Stored items from a collection:
%%

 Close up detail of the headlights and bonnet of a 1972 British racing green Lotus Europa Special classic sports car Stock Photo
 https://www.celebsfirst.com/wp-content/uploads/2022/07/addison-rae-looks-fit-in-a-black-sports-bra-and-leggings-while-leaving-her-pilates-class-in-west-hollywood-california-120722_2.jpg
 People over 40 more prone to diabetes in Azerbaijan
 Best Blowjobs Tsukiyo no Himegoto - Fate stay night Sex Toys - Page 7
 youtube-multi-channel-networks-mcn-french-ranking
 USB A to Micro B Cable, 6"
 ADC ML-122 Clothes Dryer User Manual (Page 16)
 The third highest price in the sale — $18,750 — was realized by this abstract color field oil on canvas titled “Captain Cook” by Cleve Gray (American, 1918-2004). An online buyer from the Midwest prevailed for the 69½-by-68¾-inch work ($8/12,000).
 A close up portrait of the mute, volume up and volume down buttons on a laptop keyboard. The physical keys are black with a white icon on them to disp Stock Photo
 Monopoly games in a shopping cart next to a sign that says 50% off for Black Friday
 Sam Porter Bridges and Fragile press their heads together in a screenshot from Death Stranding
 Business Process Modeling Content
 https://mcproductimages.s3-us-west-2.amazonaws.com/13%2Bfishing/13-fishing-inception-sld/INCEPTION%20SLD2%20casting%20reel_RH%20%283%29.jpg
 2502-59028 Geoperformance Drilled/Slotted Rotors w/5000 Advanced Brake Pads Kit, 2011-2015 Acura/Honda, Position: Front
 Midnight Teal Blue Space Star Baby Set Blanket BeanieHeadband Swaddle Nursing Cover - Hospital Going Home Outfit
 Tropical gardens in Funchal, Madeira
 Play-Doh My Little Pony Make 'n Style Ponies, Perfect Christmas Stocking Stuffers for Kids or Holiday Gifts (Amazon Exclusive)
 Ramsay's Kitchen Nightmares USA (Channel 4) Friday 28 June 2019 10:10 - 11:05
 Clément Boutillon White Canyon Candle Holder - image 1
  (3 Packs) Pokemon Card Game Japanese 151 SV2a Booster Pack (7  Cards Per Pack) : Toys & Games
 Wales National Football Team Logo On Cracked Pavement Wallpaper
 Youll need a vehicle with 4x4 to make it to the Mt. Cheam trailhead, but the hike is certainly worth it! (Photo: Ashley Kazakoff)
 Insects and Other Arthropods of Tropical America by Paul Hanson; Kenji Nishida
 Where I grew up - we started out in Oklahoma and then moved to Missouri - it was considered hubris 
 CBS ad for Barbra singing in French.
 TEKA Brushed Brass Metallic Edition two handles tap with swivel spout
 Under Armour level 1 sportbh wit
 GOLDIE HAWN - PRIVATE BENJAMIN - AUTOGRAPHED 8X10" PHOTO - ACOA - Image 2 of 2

%%

What the task asks: Take from the entries every line that has the string "sports".

Exercise output:
 Close up detail of the headlights and bonnet of a 1972 British racing green Lotus Europa Special classic sports car Stock Photo
 https://www.celebsfirst.com/wp-content/uploads/2022/07/addison-rae-looks-fit-in-a-black-sports-bra-and-leggings-while-leaving-her-pilates-class-in-west-hollywood-california-120722_2.jpg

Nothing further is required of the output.